Yet, analyzing finances and trends during this transition from print to digital publishing involves interpreting incomplete historical data; it is too soon to be certain how libraries, researchers and other users will continue to respond to the shift. This is why the AAA cannot request that its sections, staff or UCP, to whom it contracts for services, provide guarantees for revenue. AAA can and does, routinely evaluate UCP's services. UCP is charged with successfully performing their defined contractual services for all of AAA's publishing program, not the specific quantitative results of their efforts. Digital institutional subscriptions to 11 of AAA's journals began in 2005, and as is common with a startup year, there have been delays, unanticipated complexities in negotiating license agreements, timing issues related to different fiscal years between AAA and UCP, and difficulties in locating and digitizing all of AAA's legacy publications. 
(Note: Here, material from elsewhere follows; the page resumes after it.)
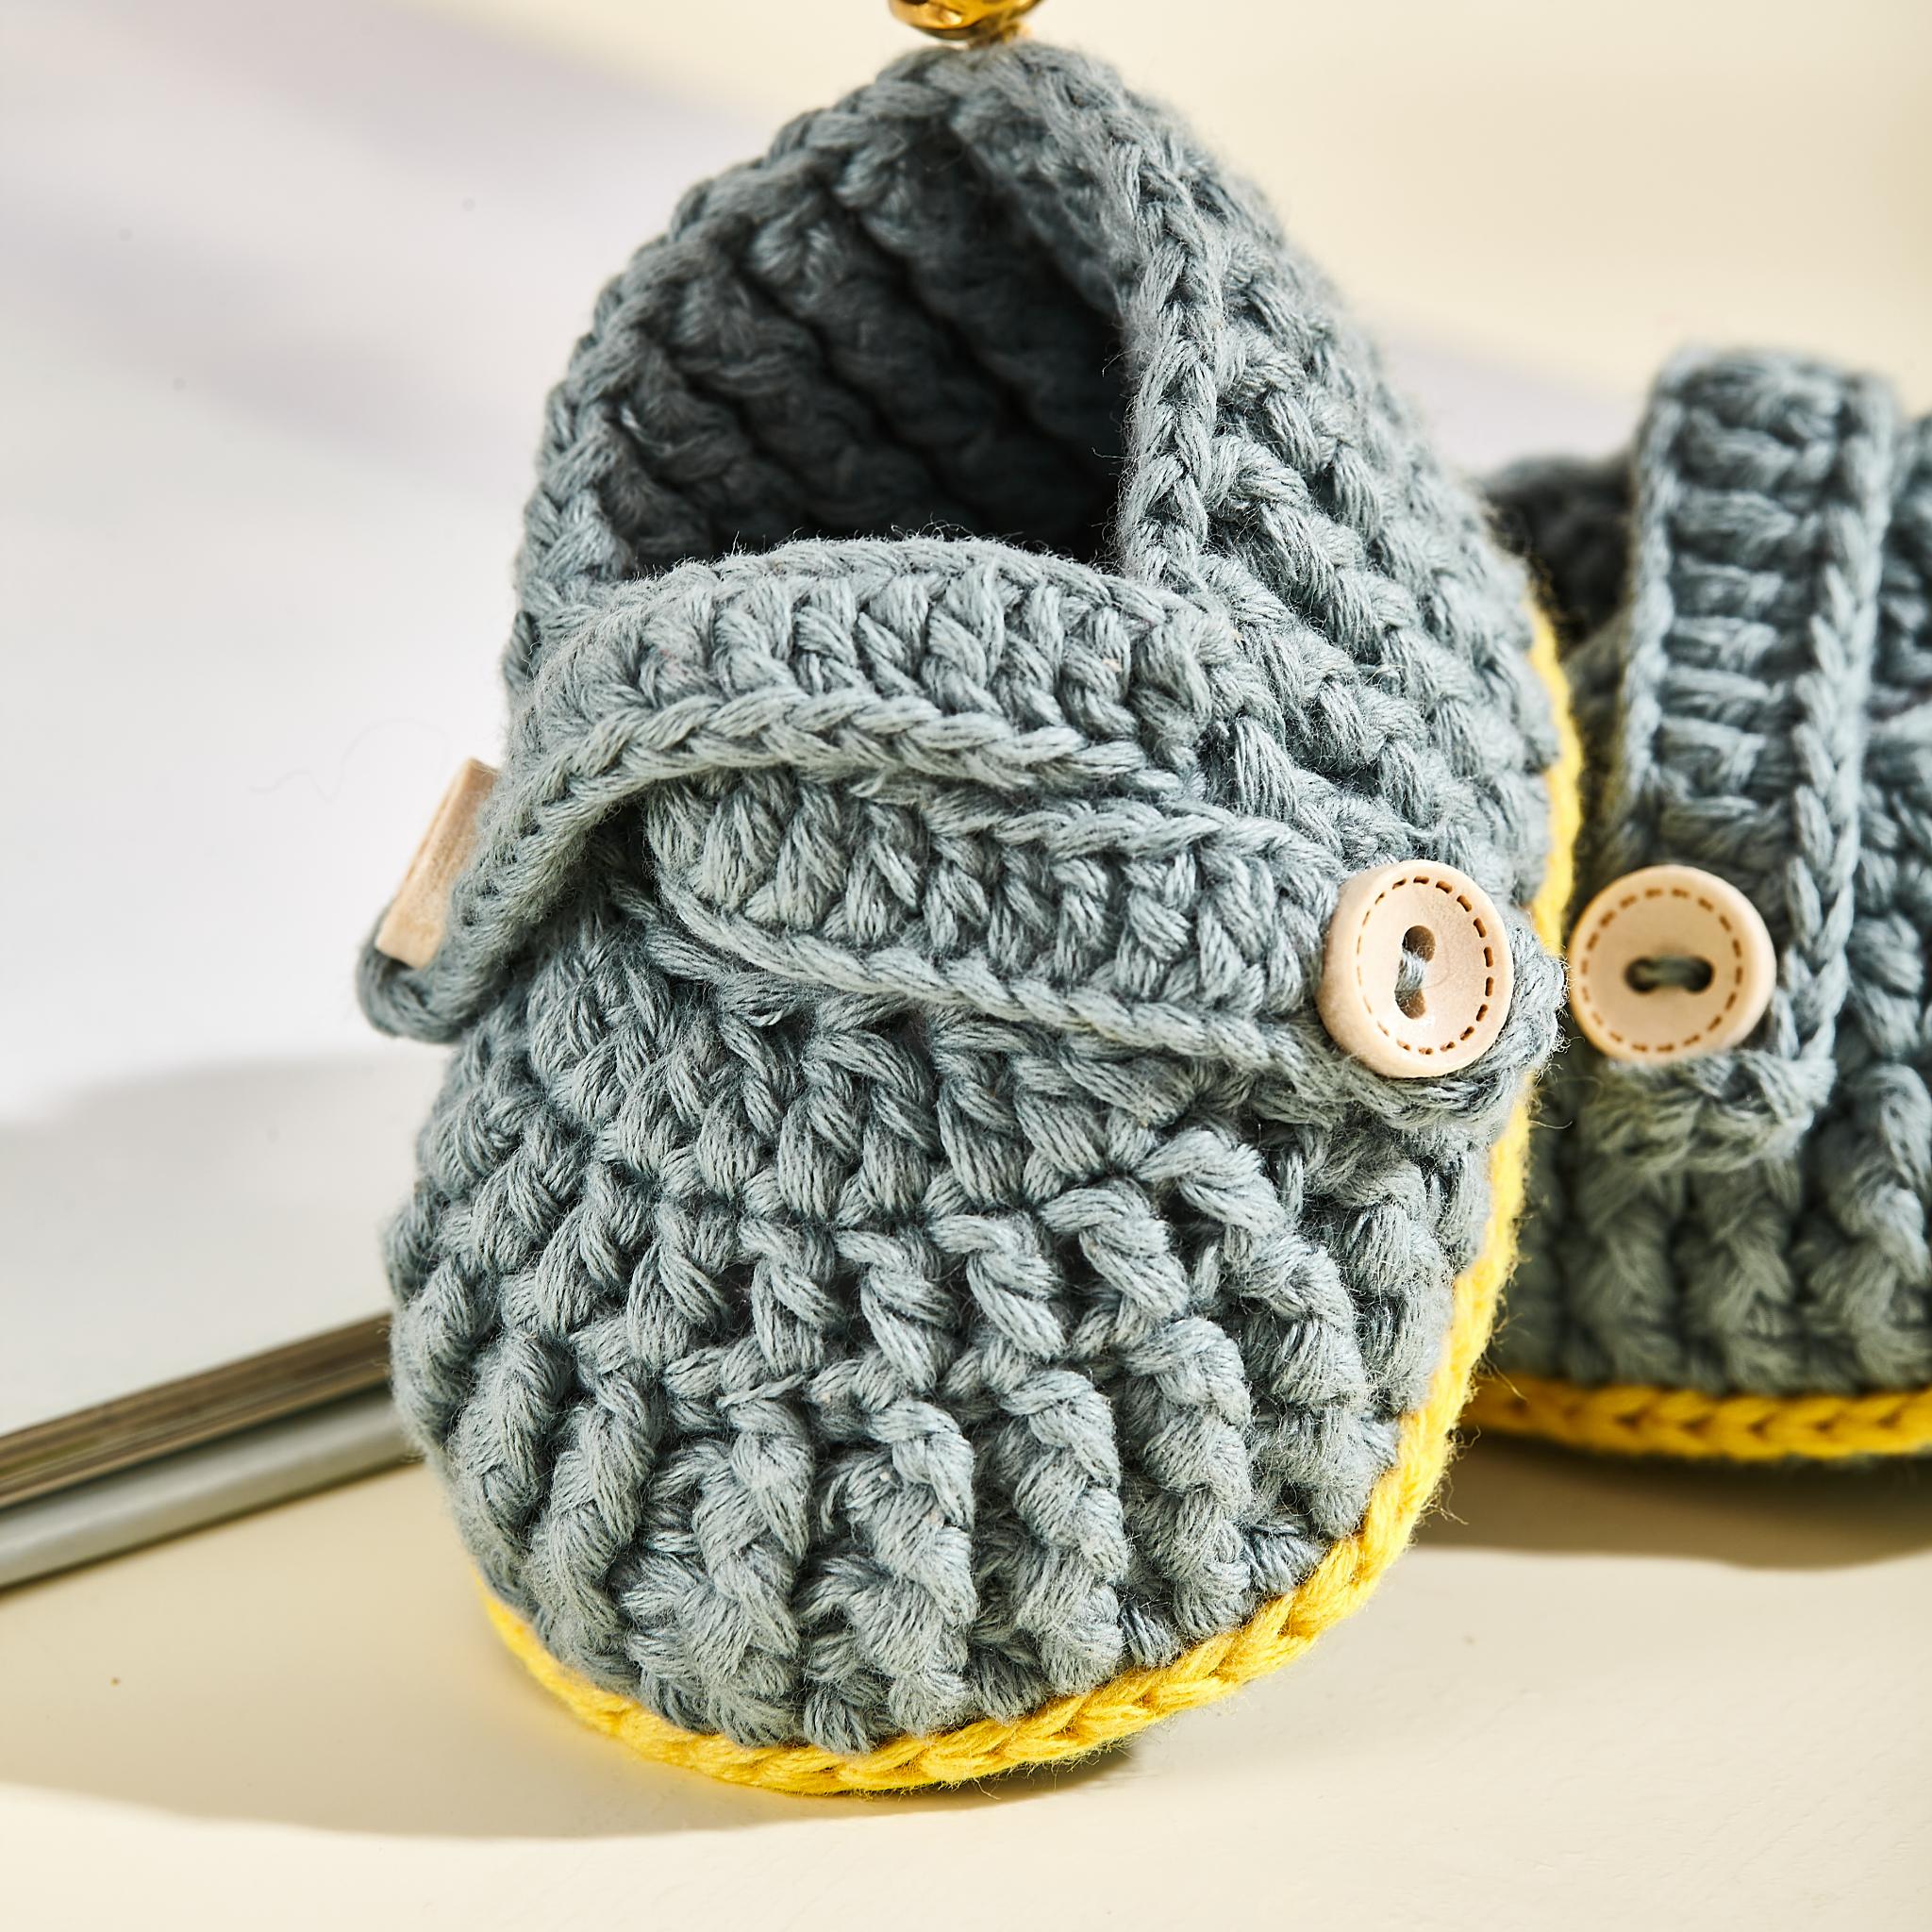 Baby shoes made from organic cotton

While Biella points out the Society for Visual Anthropology's feat in catching up its publication, Visual Anthropology Review (VAR), he neglects to explain the financial impact of not having published it for several years. For one it contributed to the 7% decline in VAR institutional subscribers between 1999 and 2004. Secondly, SVA's fund balance increased because it did not incur the editorial and production costs during those years. Finally, it meant that when the SVA produced two double issues, rather than its normal two single issues this year, the 2005 editorial and production budget increased twofold. 
 
Just What Is AnthroSource?

AnthroSource, the digital component of the association's publishing program, is currently a portal designed to house and archive legacy and current AAA digital publications, while also providing functionality to facilitate quick and comprehensive scholarly research. Over time, AnthroSource will evolve into a comprehensive scholarly and practitioner portal. The AnthroSource Steering Committee is responsible for assessing user needs and recommending its future content and products. Yet, each member's perception of AnthroSource varies, meaning it has arguably become both a floating signifier for the hopes and dreams of the tech-savvy visionary and the scapegoat for the more down-to-earth accountant-type needing to explain budgetary woes.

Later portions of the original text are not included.